* **DATA BELOW**:
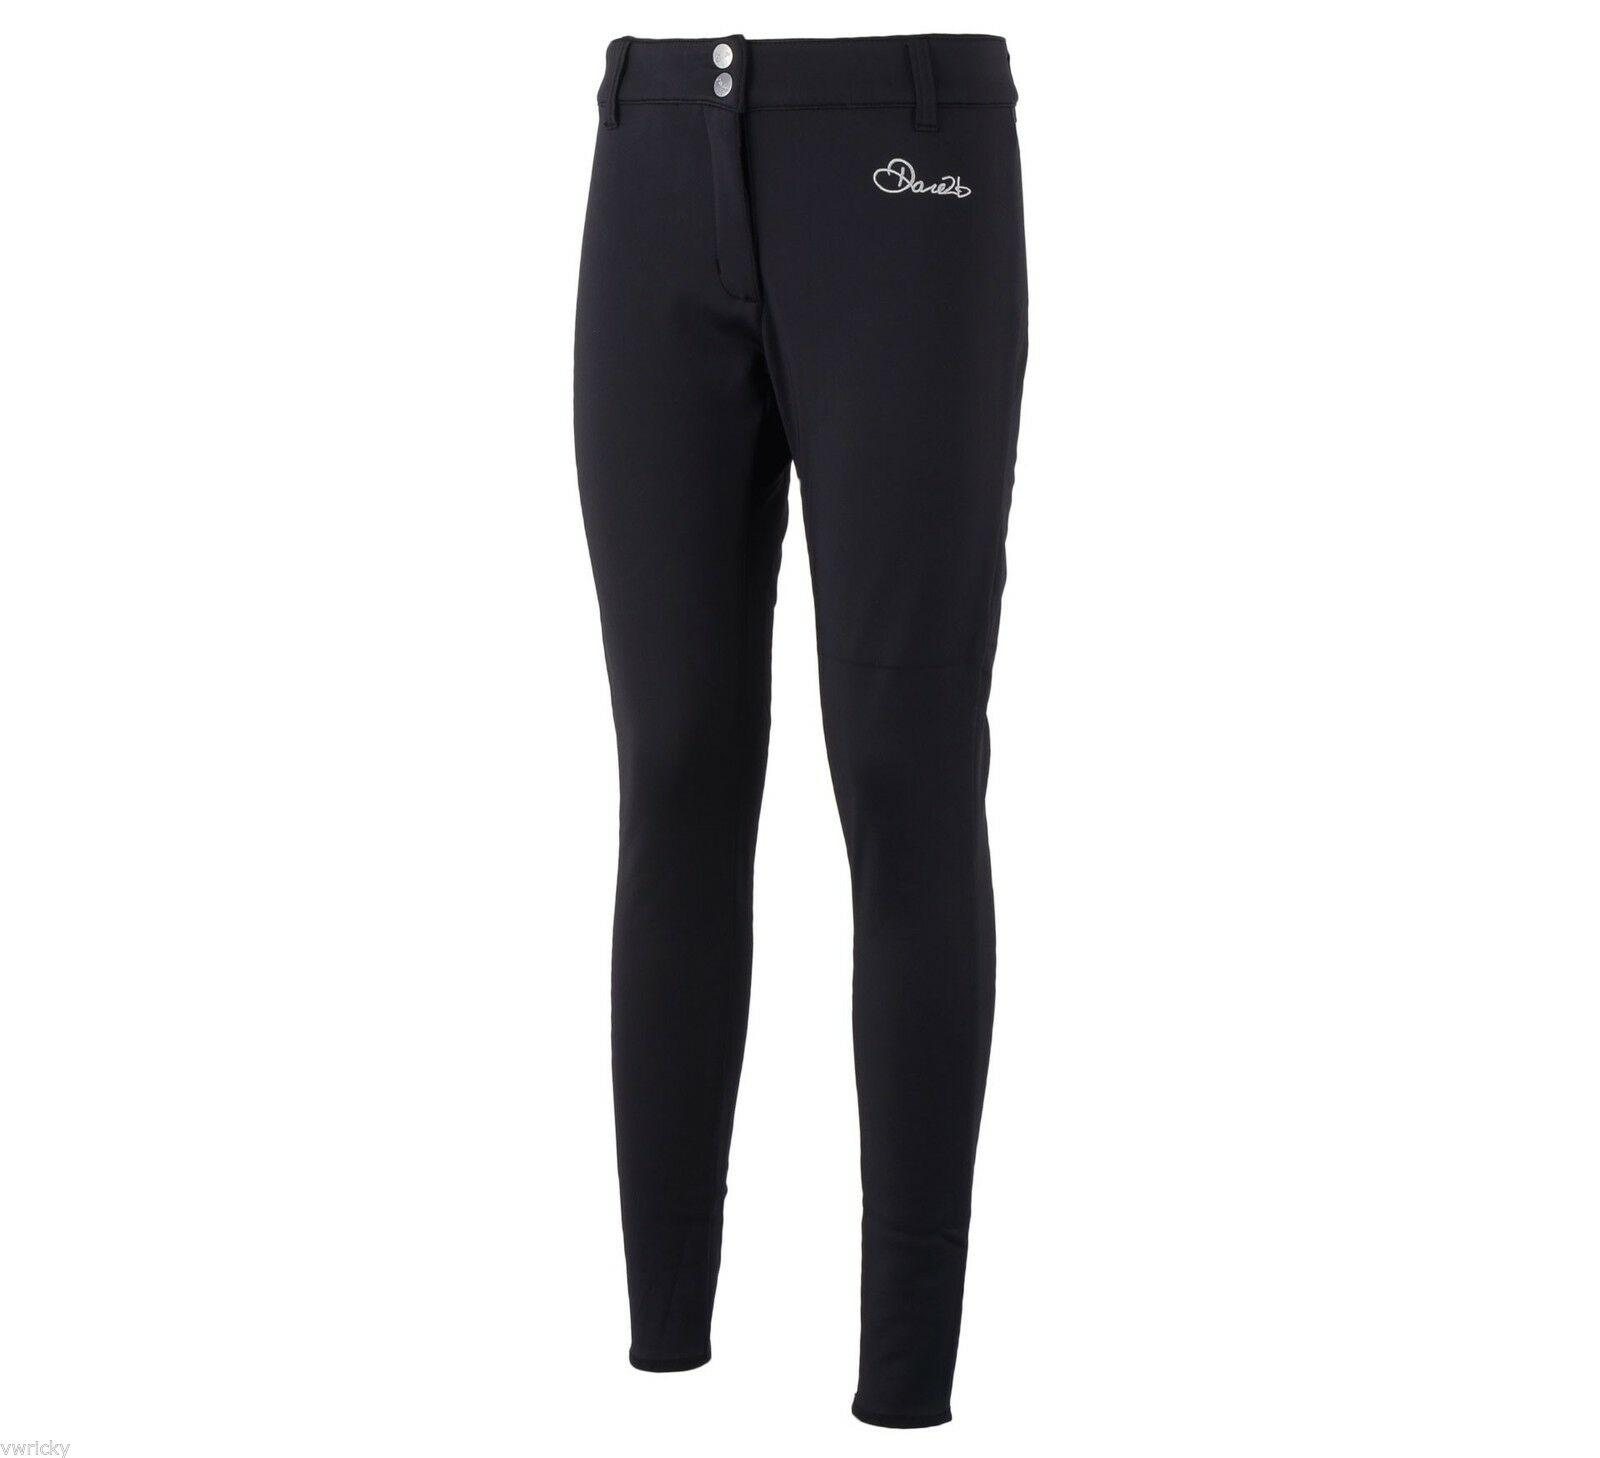 Dare2b-Shapely-Women-039-s-Windproof-Waterproof-Breathable-Ski-Trouser thumbnail 3
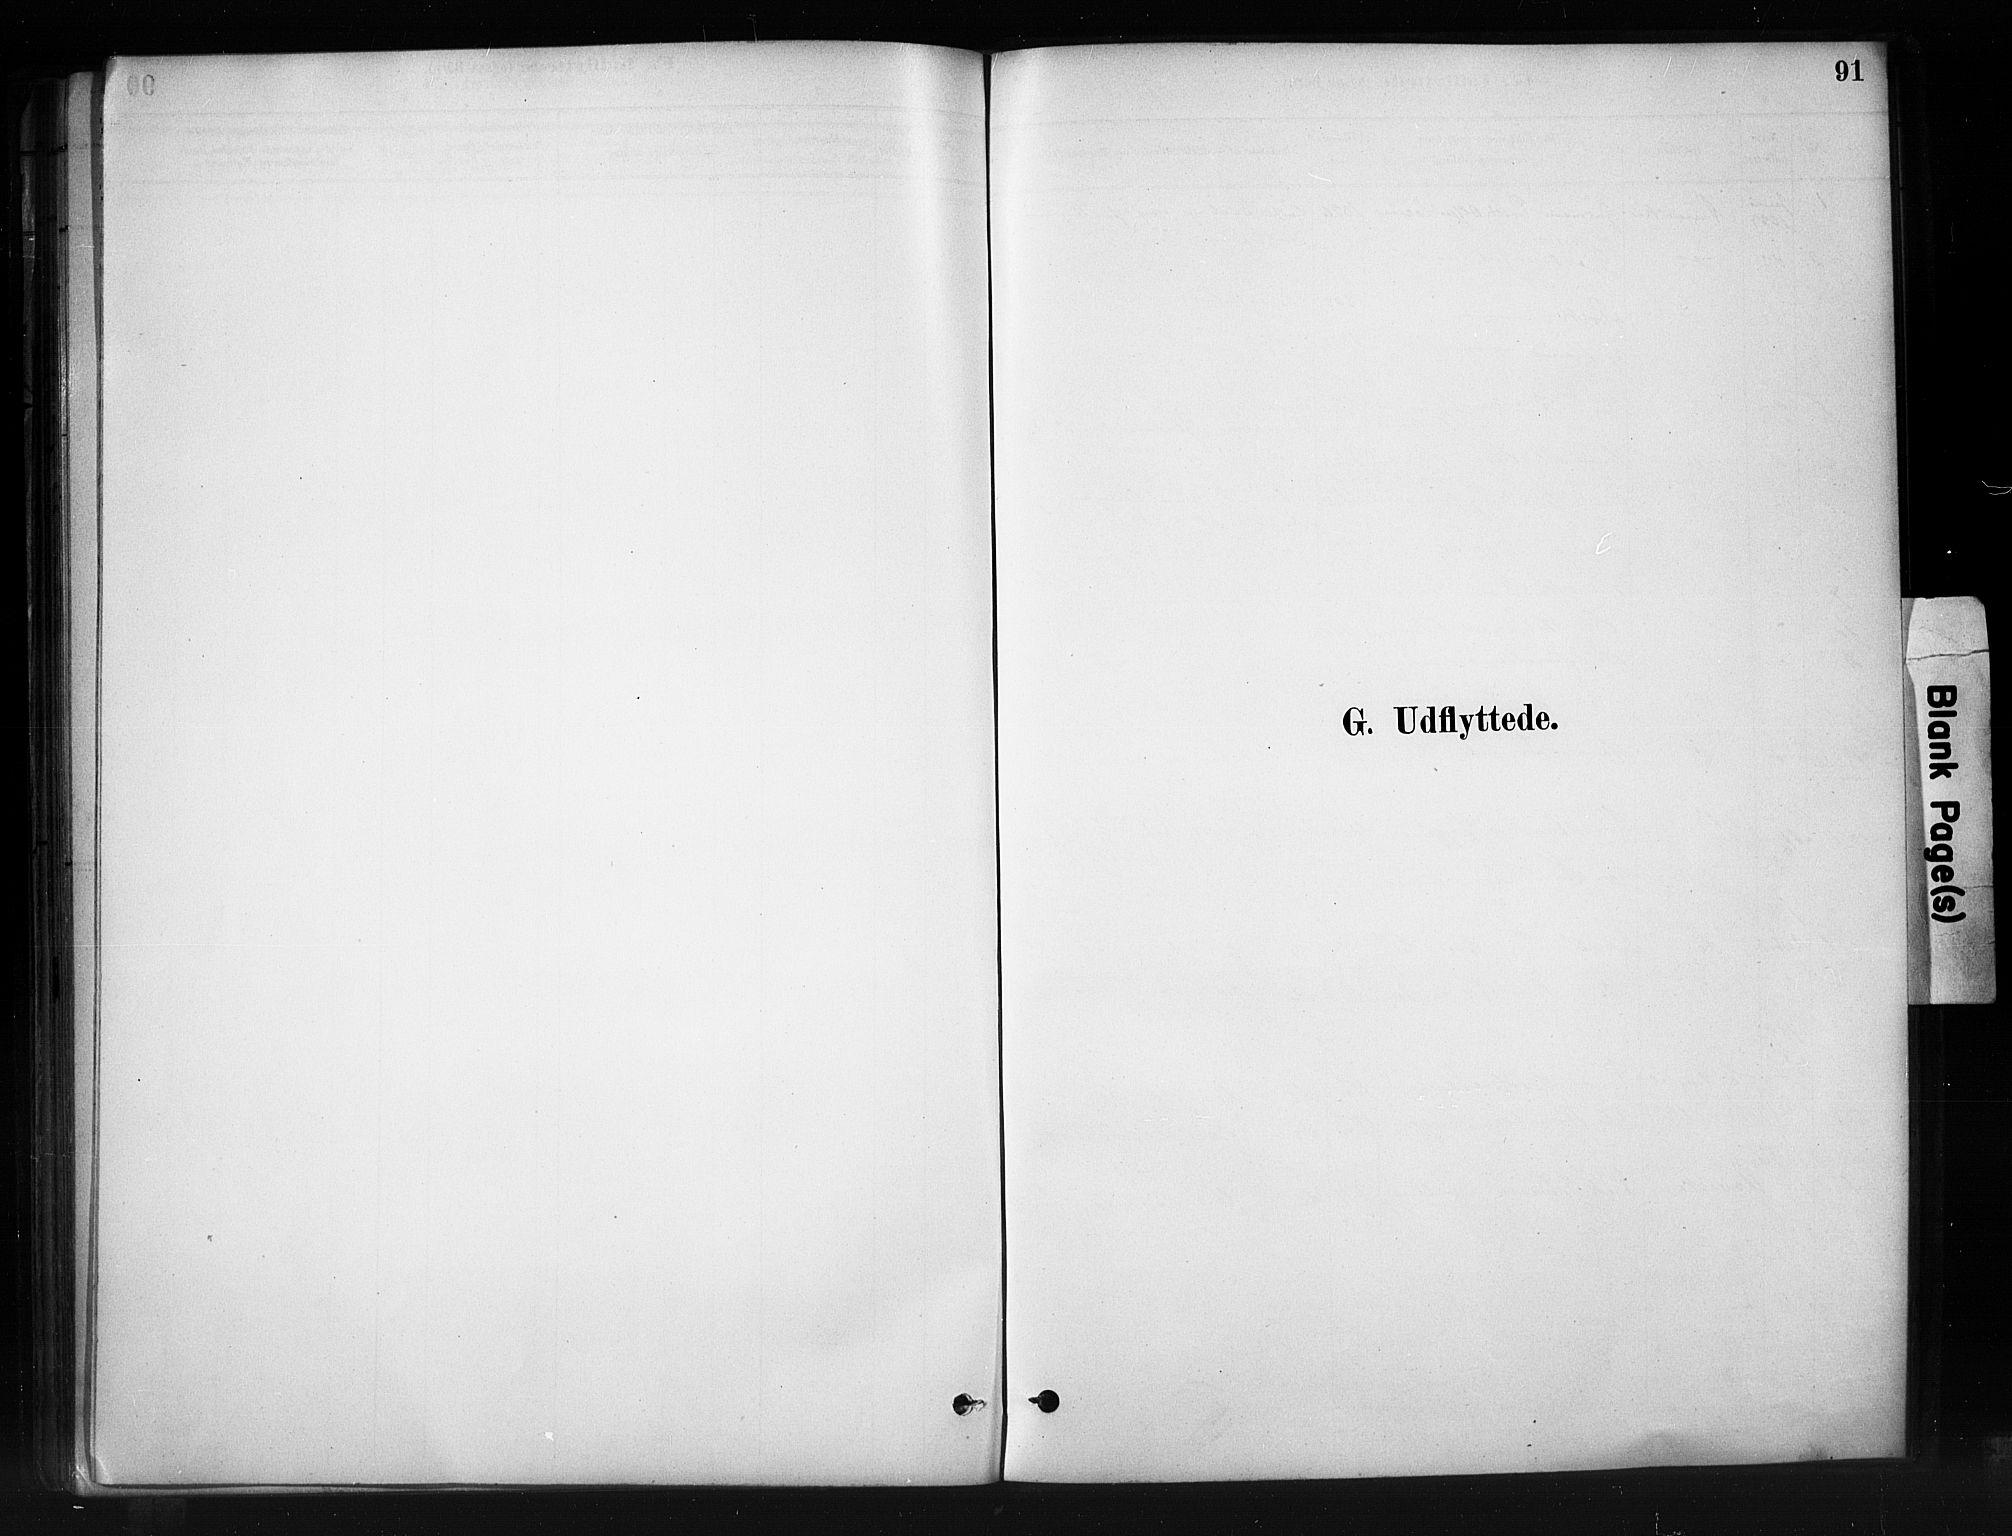 SAH, Nord-Aurdal prestekontor, Ministerialbok nr. 10, 1883-1896, s. 91
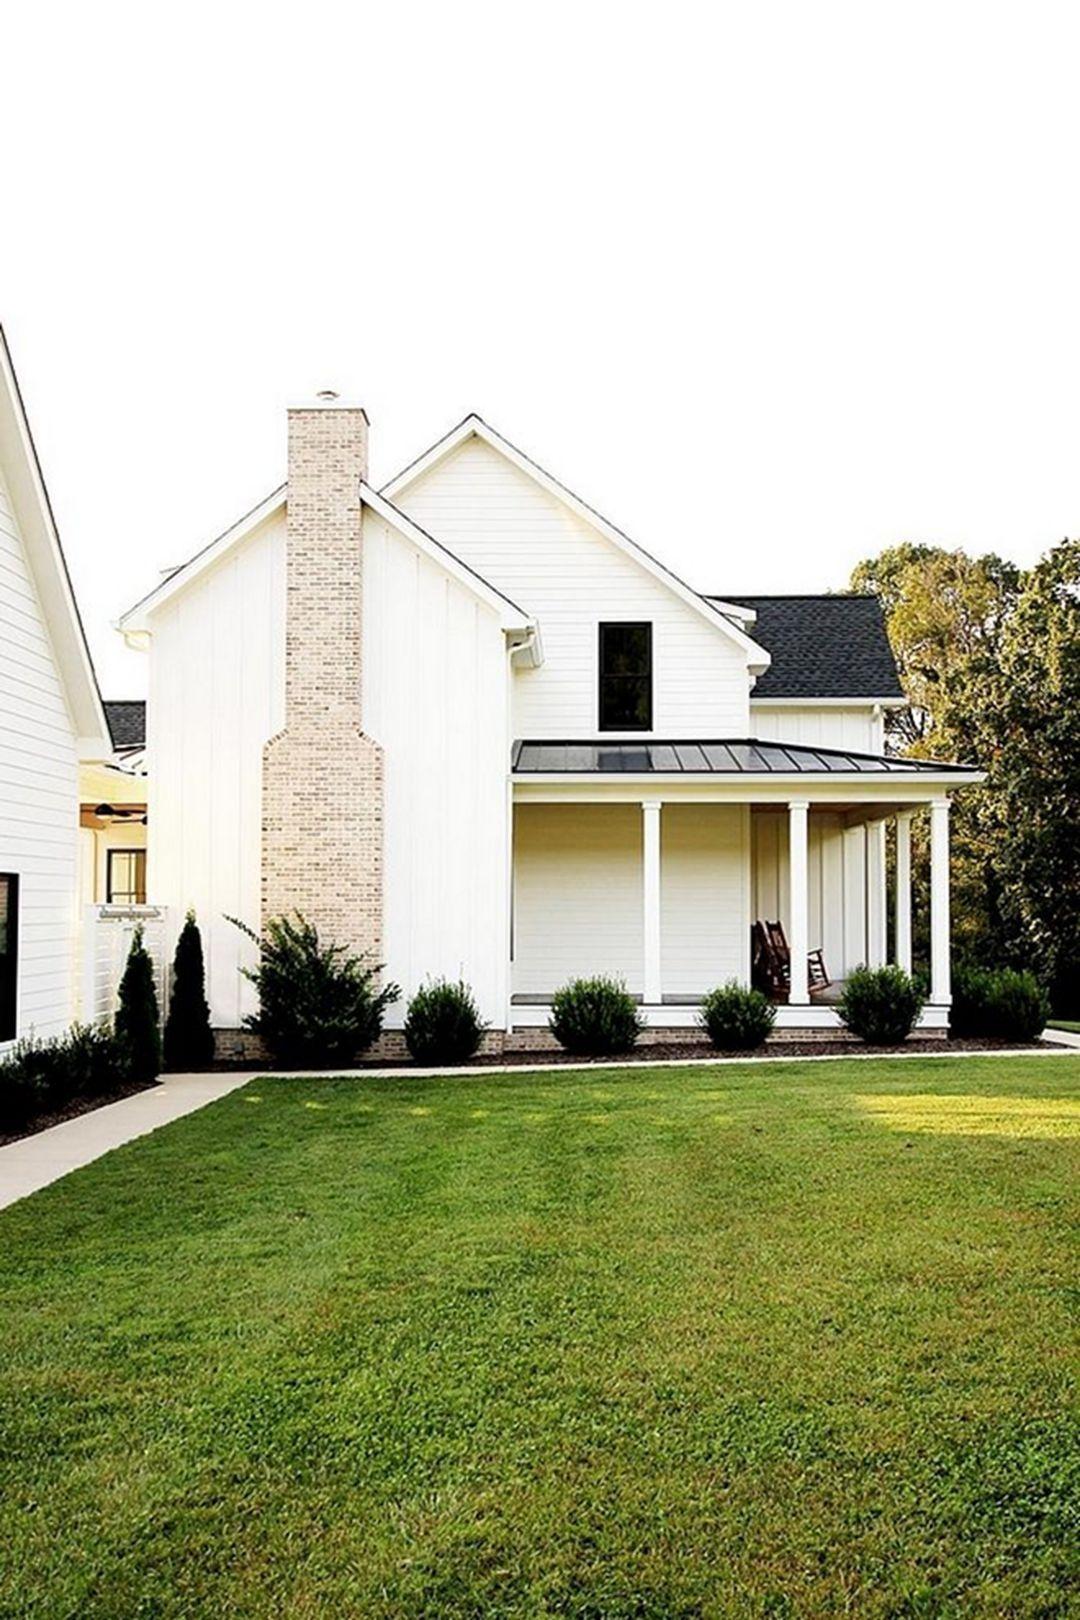 unique farmhouse exterior design ideas for your home also decor idea designs rh ar pinterest

* **TASK BRIEF**: Leaving every picture out, repeat each line of the material exactly.

* **RESULT OF THE TASK**:
 Dare2b-Shapely-Women-039-s-Windproof-Waterproof-Breathable-Ski-Trouser thumbnail 3
 SAH, Nord-Aurdal prestekontor, Ministerialbok nr. 10, 1883-1896, s. 91
 unique farmhouse exterior design ideas for your home also decor idea designs rh ar pinterest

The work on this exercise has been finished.